Marcos Alvito 14 de agosto de 2015

O nome dele eu não posso dizer, por motivos que logo ficarão óbvios. O que posso dizer é que o conheci durante o trabalho de campo junto a uma das mais conhecidas e temidas torcidas organizadas do Rio de Janeiro. E que ele tinha um olho só. Porque o outro havia perdido, segundo ele, numa briga com a polícia. Não valia a pena entrar com processo, disse ele. Afinal ele continuava se encontrando com a polícia toda semana. Ia regularmente aos jogos com a torcida, mesmo que estivesse se arriscando a ficar cego e ele sabia disso muito bem. Não era um Hércules, nem mesmo um sujeito encorpado, era franzino e ossudo, lembrando o Tarzã de alfaiate do Noel. Mas todos me asseguraram que brigava como ninguém. Conversando, parecia o sujeito mais pacato e tranquilo do mundo.

Até aqui, tudo que eu disse parece corresponder, ponto a ponto, ao estereótipo das torcidas organizadas: violência, desregramento e irracionalidade. Será? Primeiramente, temos que atentar para a grandeza do fenômeno. As estimativas variam, mas podemos dizer que há pelo menos 500 torcidas organizadas pelo Brasil afora. E como algumas delas têm dezenas de milhares de adeptos, o universo destes agrupamentos corresponde a milhões de jovens.
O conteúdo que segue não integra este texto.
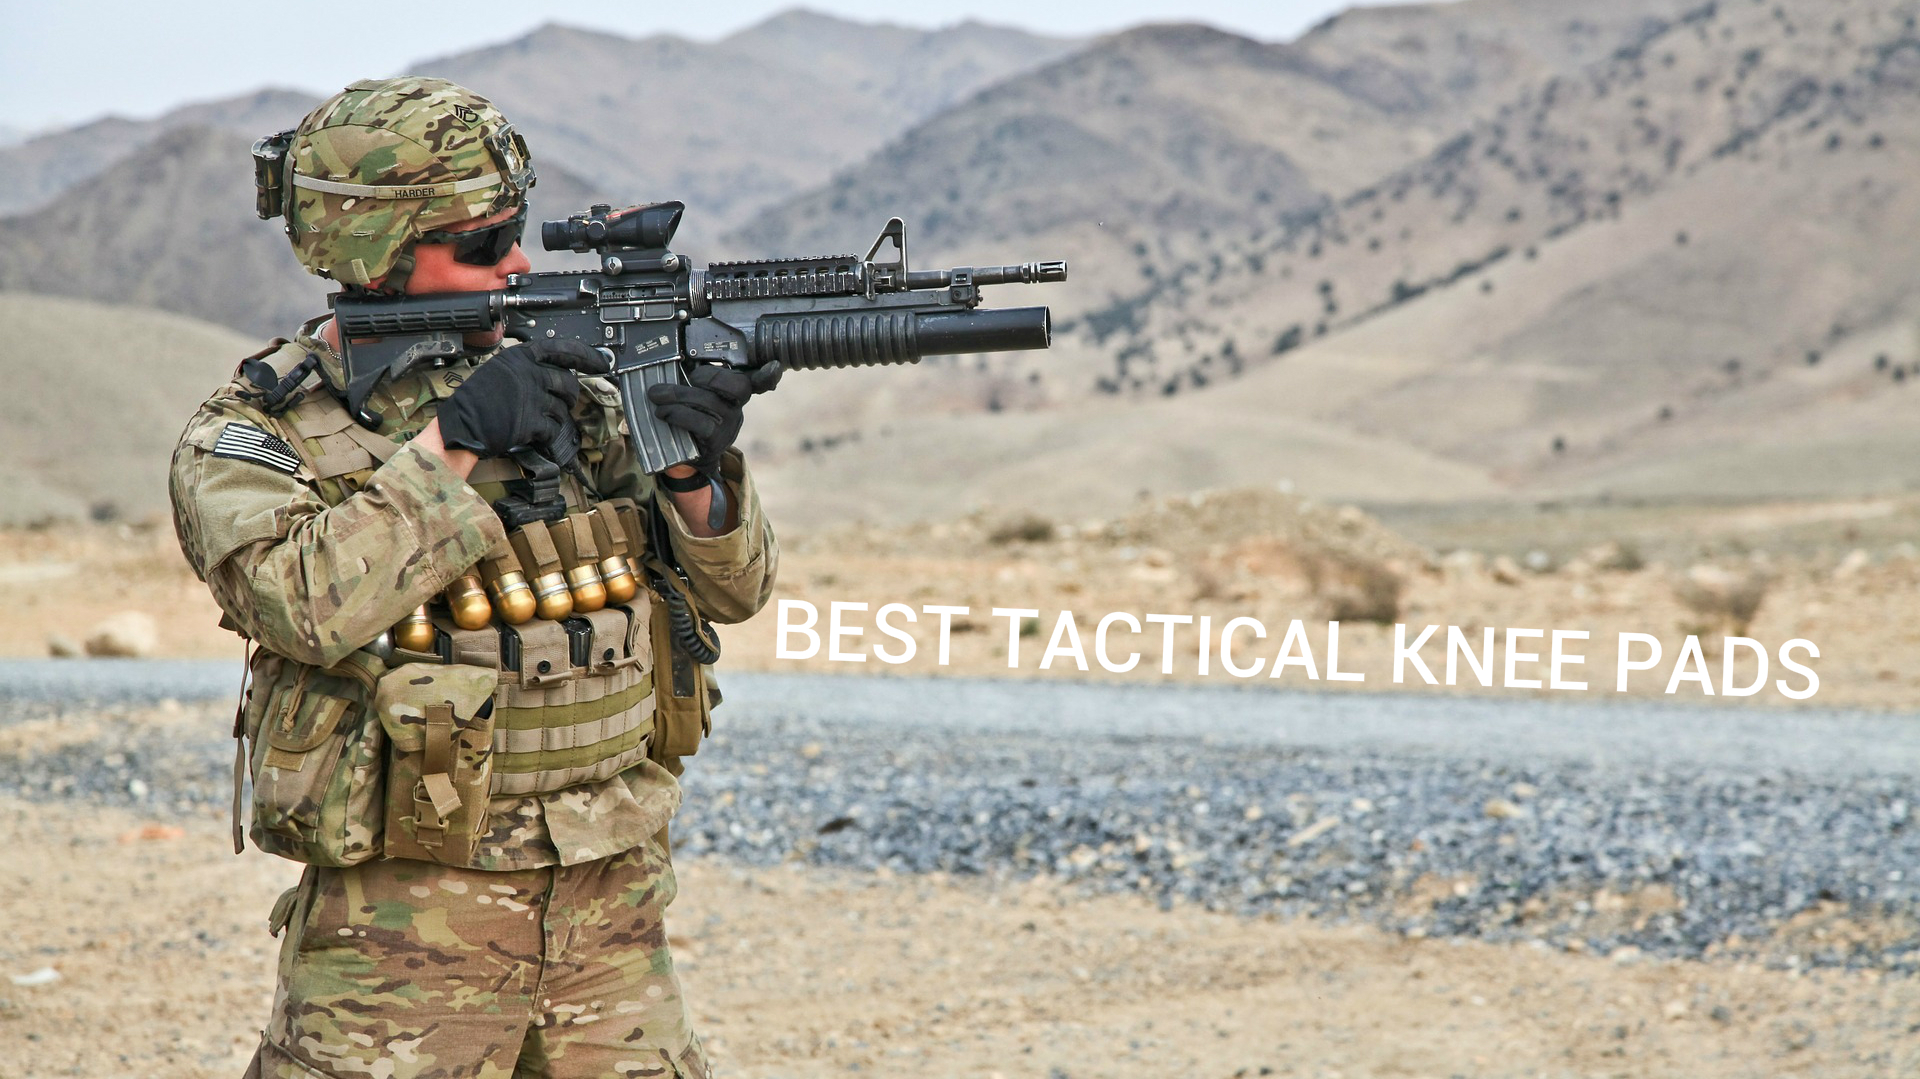 Best tactical knee pads for military and combat

Ao lado de grupos religiosos jovens em igrejas de várias denominações, o “movimento das torcidas organizadas” como eles gostam de dizer, é sem dúvida o maior ponto de reunião da juventude brasileira. Mas não é visto nem tratado como tal.

MZ0112 - LONDRINA, PARANÁ, BRASIL: Flamengo VS Corinthians - Editorial - Vippcomm - CT Estádio do Café, Londrina - 15/01/2012 - FT: MARCOS ZANUTTO.
Torcida do Flamengo. Foto: Marcos Zanutto – VIPCOMM.
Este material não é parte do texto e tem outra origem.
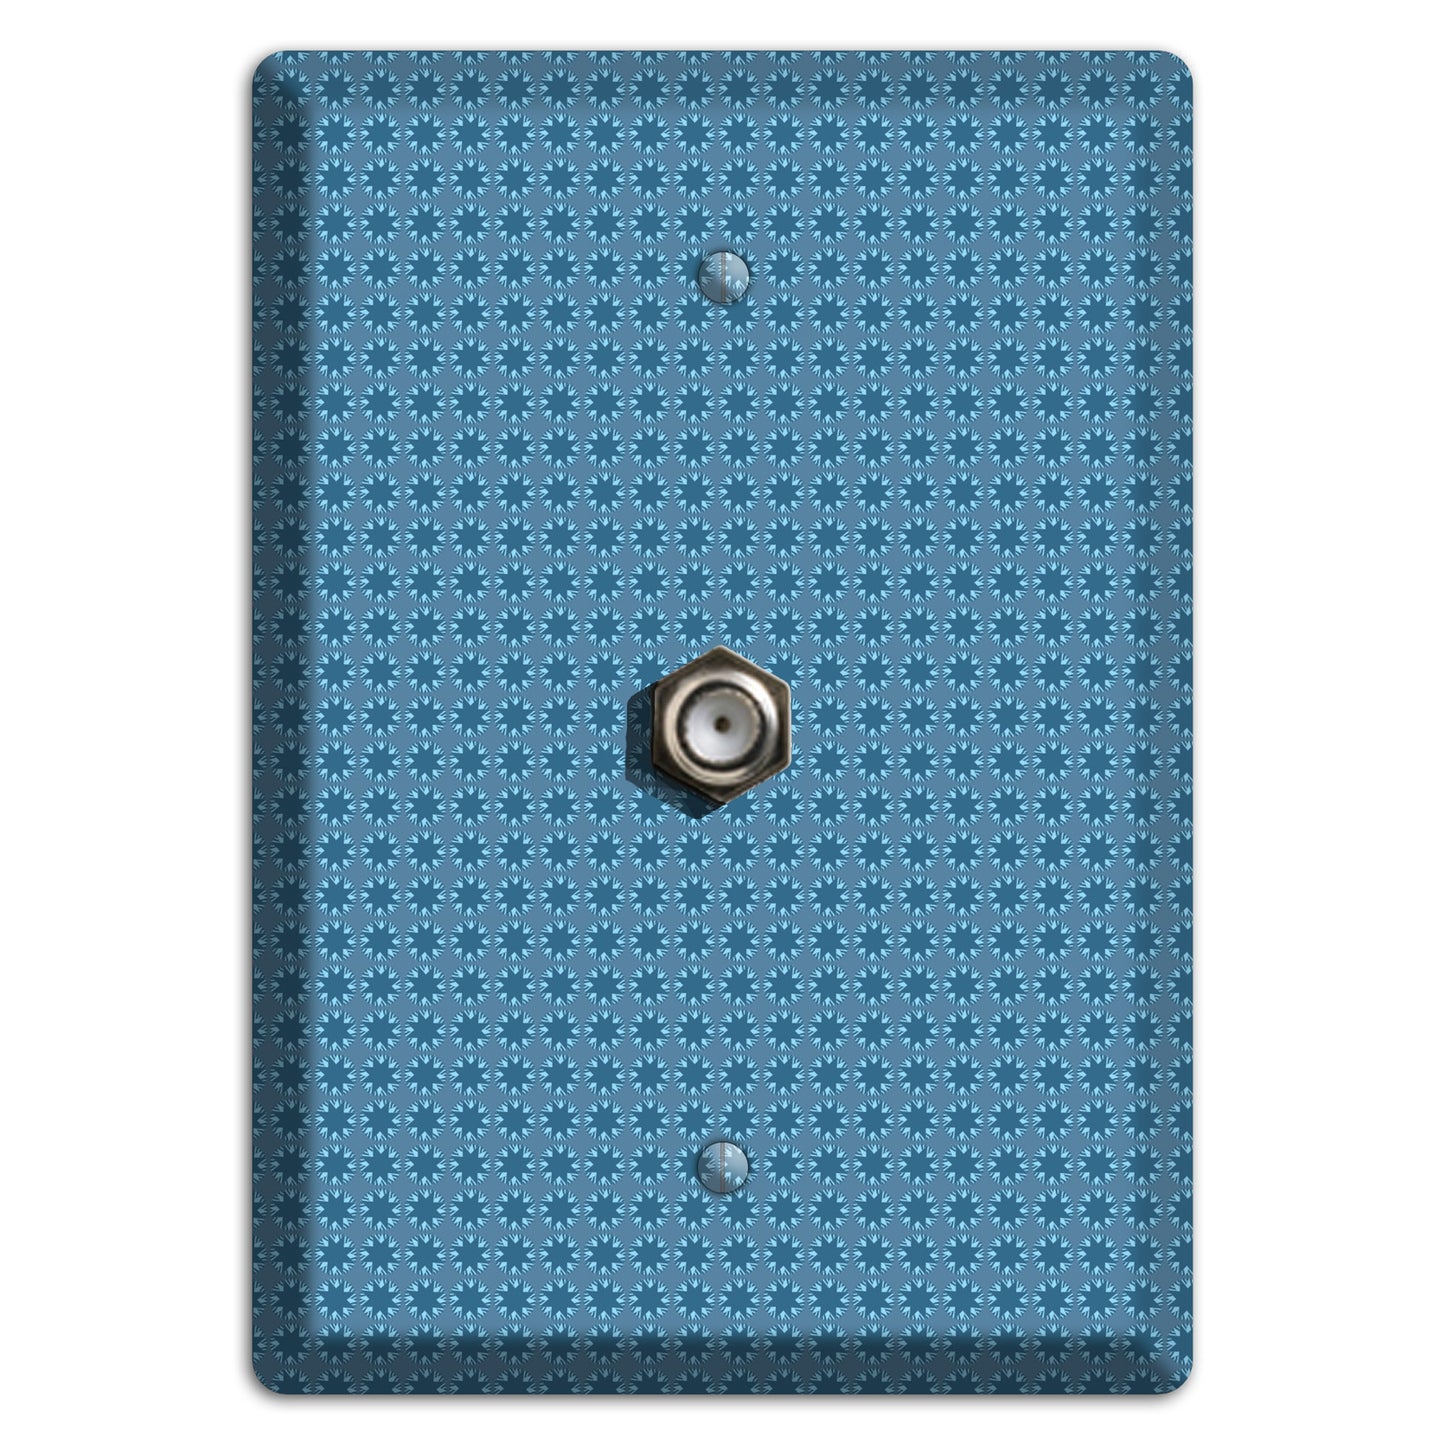 Multi Blue Tiled Foulard Cable Wallplate

As organizadas surgiram como “torcidas jovens”, como nos ensina o historiador Bernardo Borges Buarque de Hollanda em seu magnífico O Clube como vontade e representação: o jornalismo esportivo e a formação das torcidas organizadas de futebol do Rio de Janeiro (Rio de Janeiro: 7Letras, 2009). Elas são filhas do processo de contestação e de revolta da juventude no mundo todo, a partir de maio de 1968. Tanto que uma delas se chamava, originalmente “Poder Jovem”. Desafiavam os poderes constituídos, lutando pelos direitos dos torcedores e fazendo oposição a cartolas eternamente no poder. Já em setembro de 1968, as organizadas adaptaram um famoso grito de protesto das passeatas estudantis contra a ditadura, cantando contra os dirigentes esportivos: “A torcida organizada / Derruba a cachorrada.”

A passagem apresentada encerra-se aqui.